**PROVIDED RECORDS:**
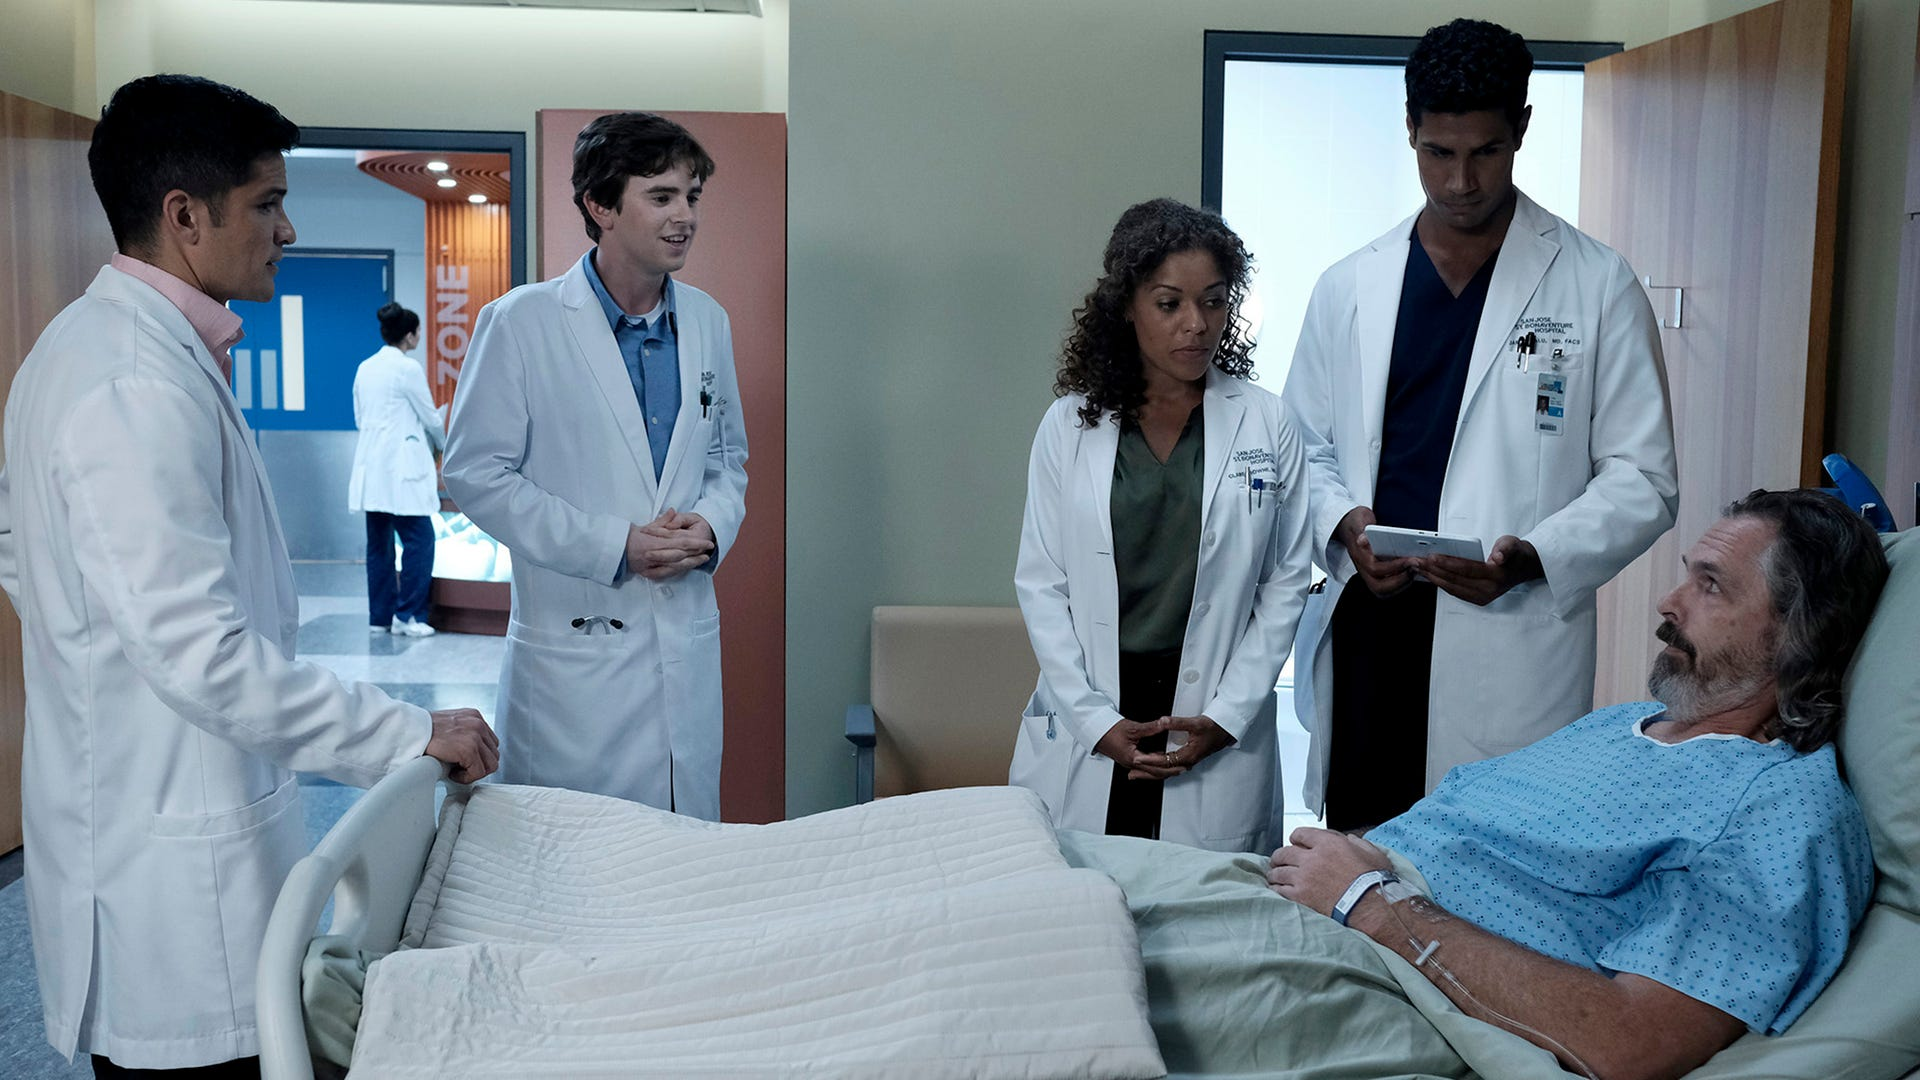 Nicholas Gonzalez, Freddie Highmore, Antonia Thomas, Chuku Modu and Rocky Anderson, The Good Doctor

...

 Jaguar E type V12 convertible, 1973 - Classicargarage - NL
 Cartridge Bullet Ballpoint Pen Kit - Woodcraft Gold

**EXERCISE DETAILS:**
From the data above, output only the lines between the line containing "Jaguar E type" and the line containing "Cartridge Bullet Ballpoint", inclusive, exactly as written.

**REPLY:**
 Jaguar E type V12 convertible, 1973 - Classicargarage - NL
 Cartridge Bullet Ballpoint Pen Kit - Woodcraft Gold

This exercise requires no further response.